YOUR TASK => Please, from the entries below, transcribe exactly the lines that begin at the line with "Lumbar Support and" and end at the line with "cb-bike-2.png", without the pictures.

SUPPLIED RECORDS =>
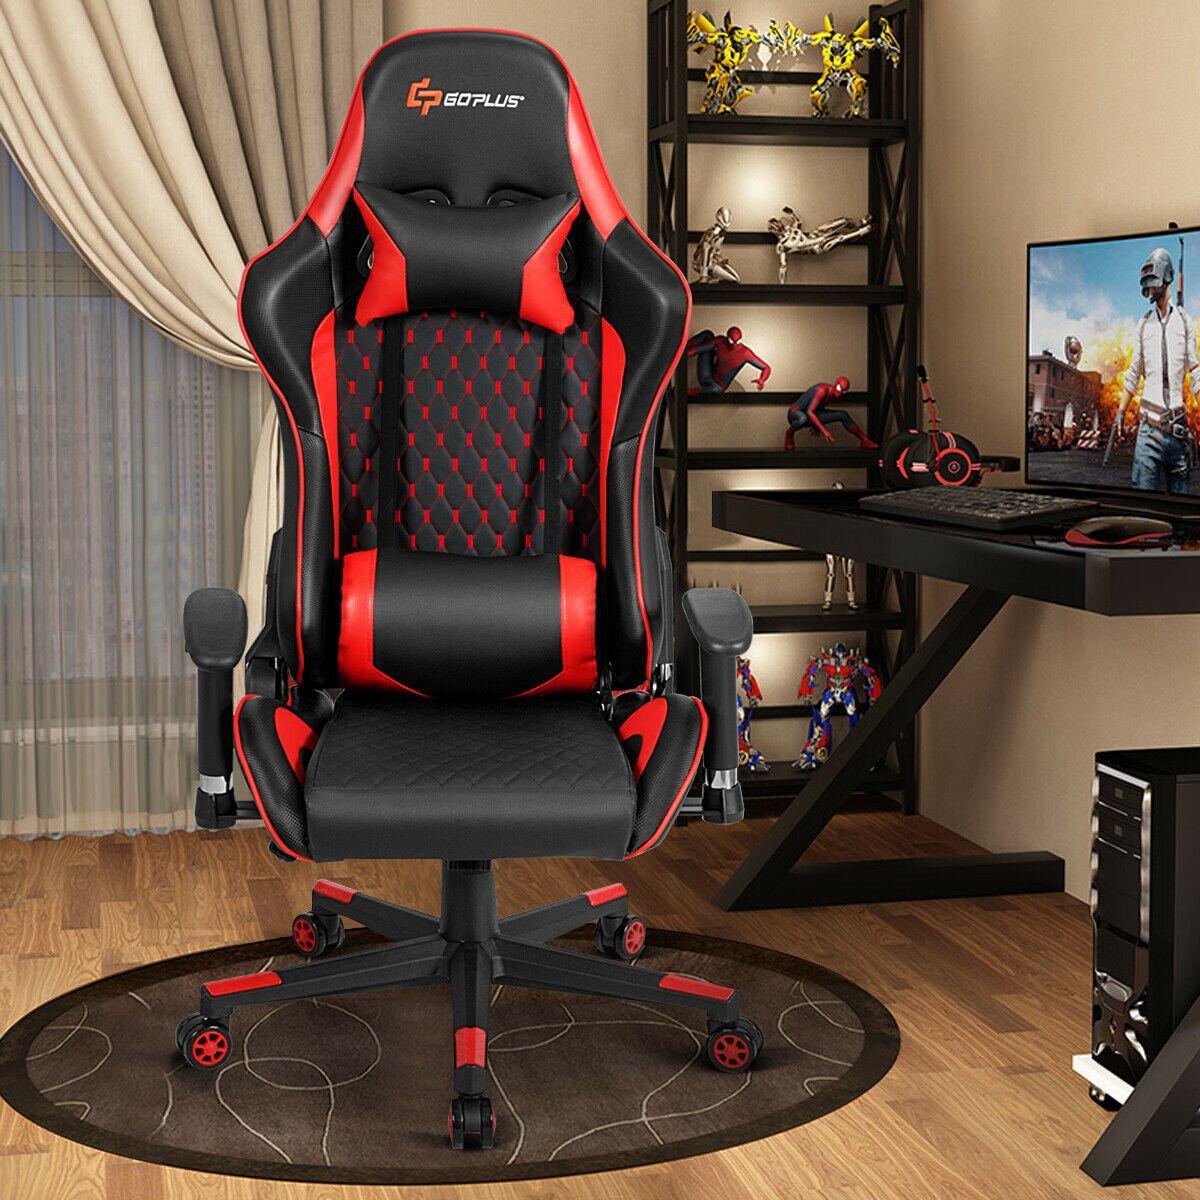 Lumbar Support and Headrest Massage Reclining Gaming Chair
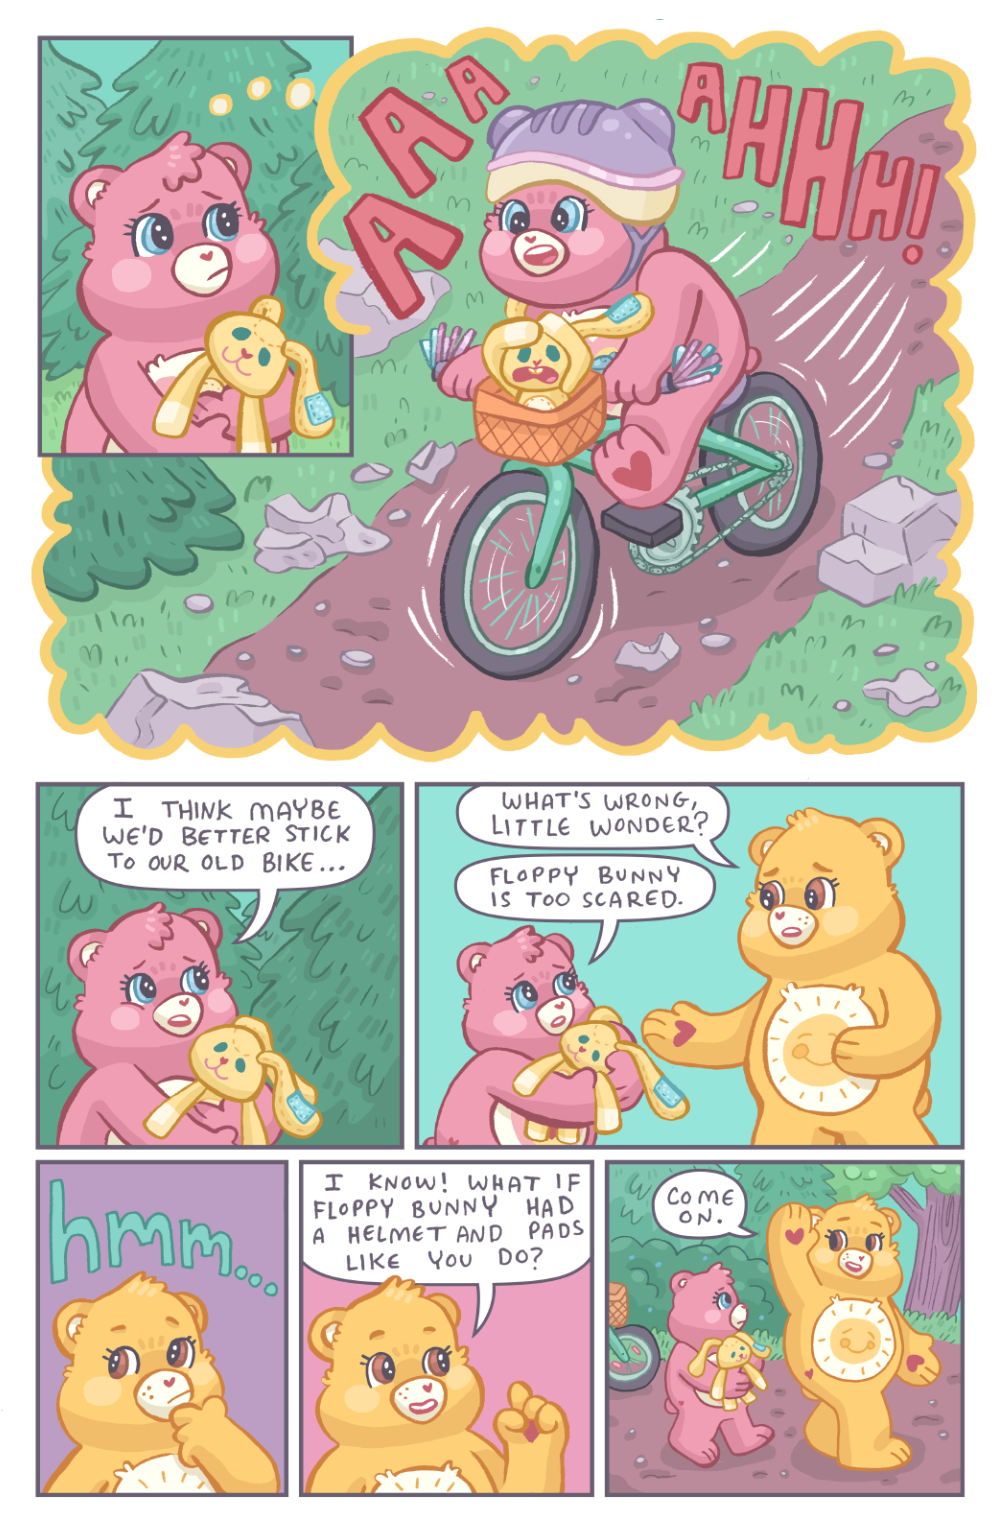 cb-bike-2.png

==

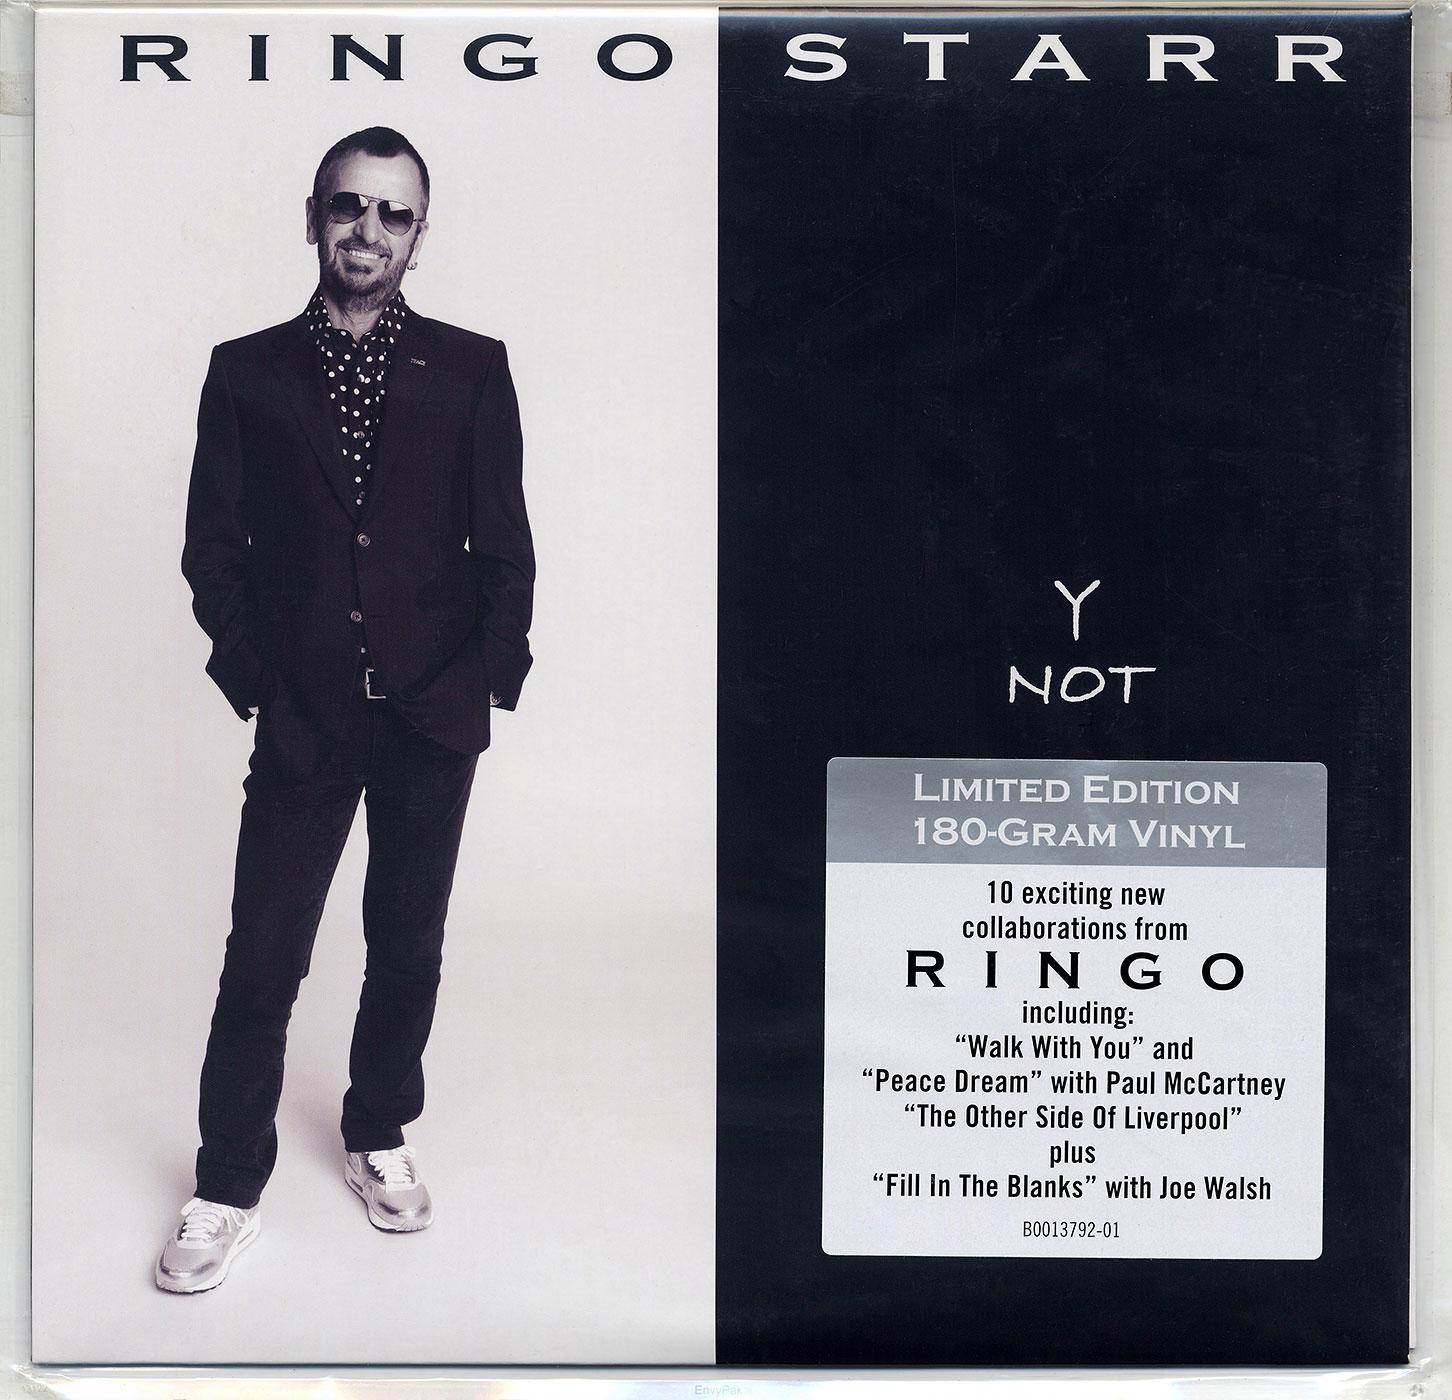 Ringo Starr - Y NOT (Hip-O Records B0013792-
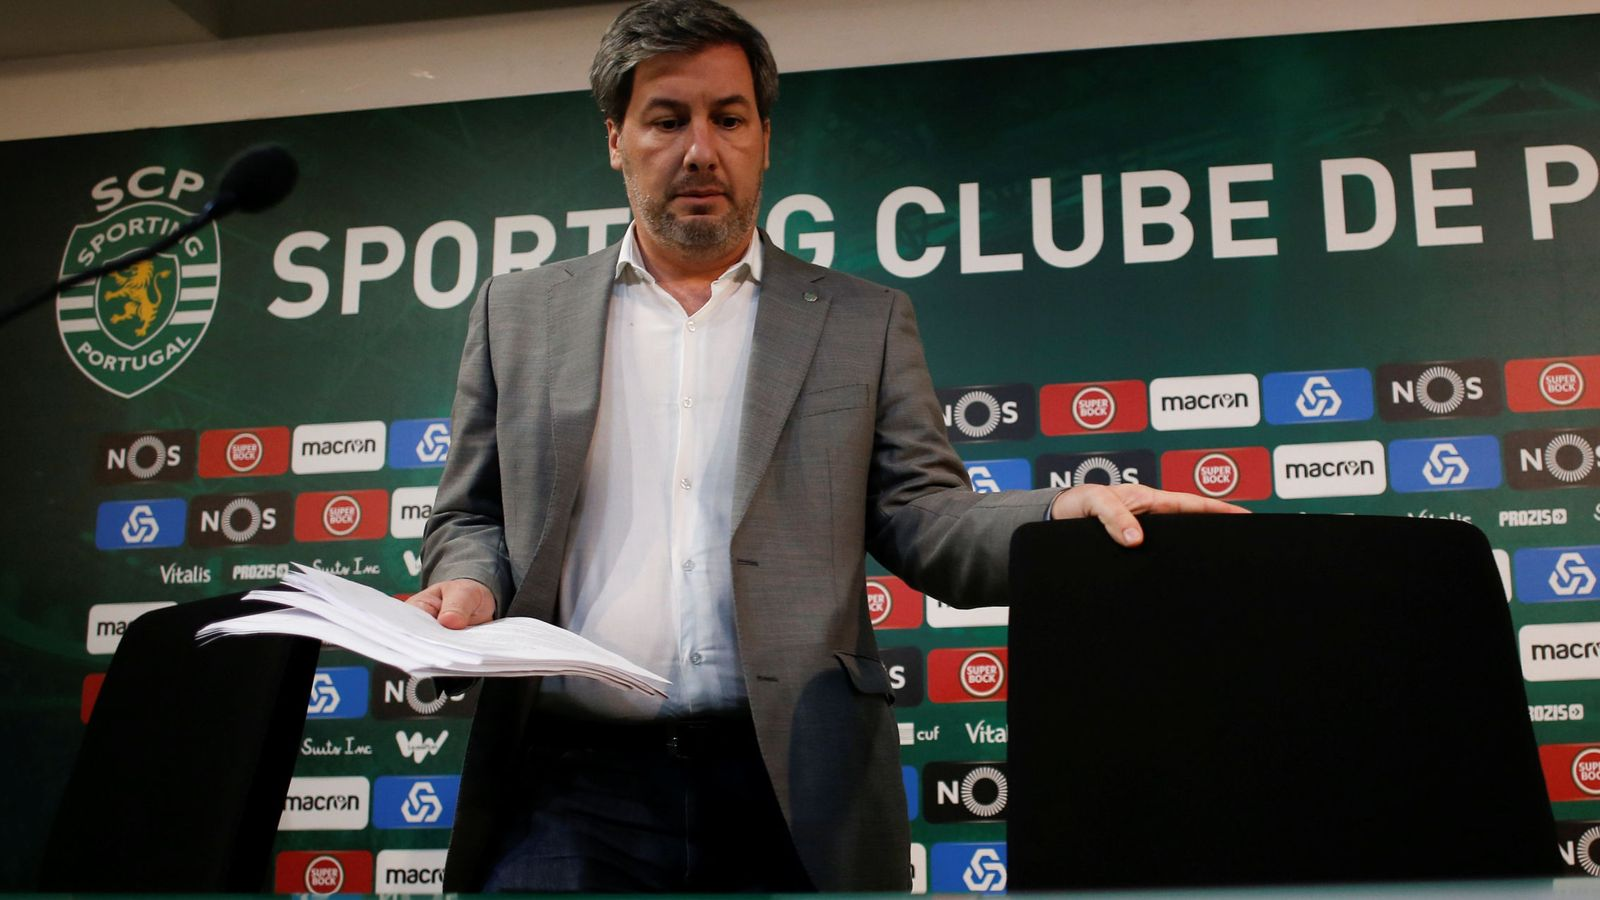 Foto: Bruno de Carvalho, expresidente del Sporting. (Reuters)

...

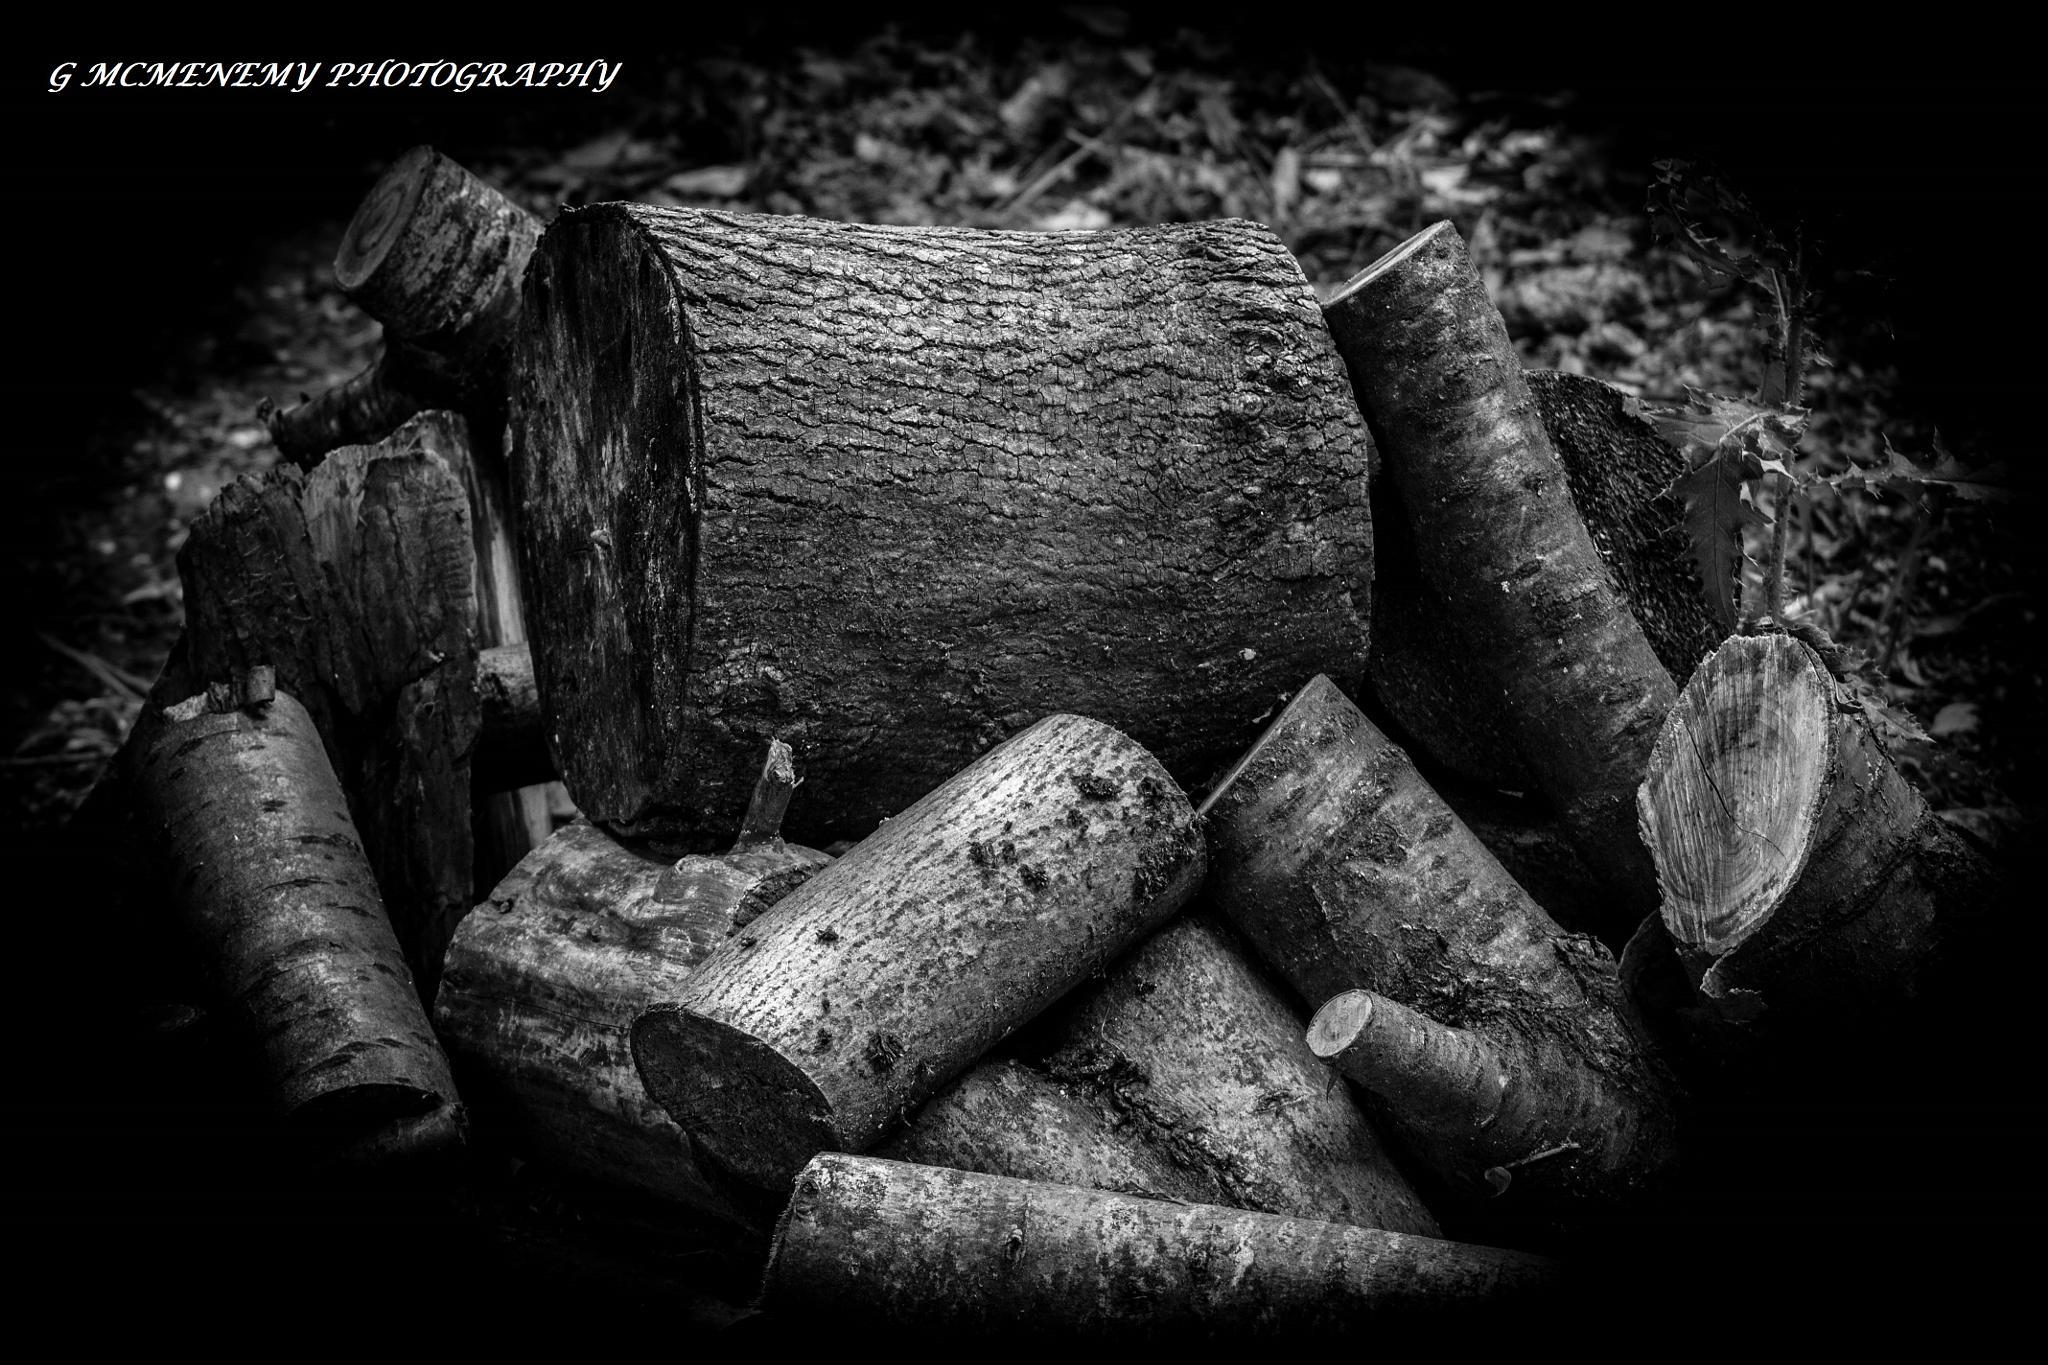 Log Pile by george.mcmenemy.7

ANSWER SECTION =>
 Lumbar Support and Headrest Massage Reclining Gaming Chair
 cb-bike-2.png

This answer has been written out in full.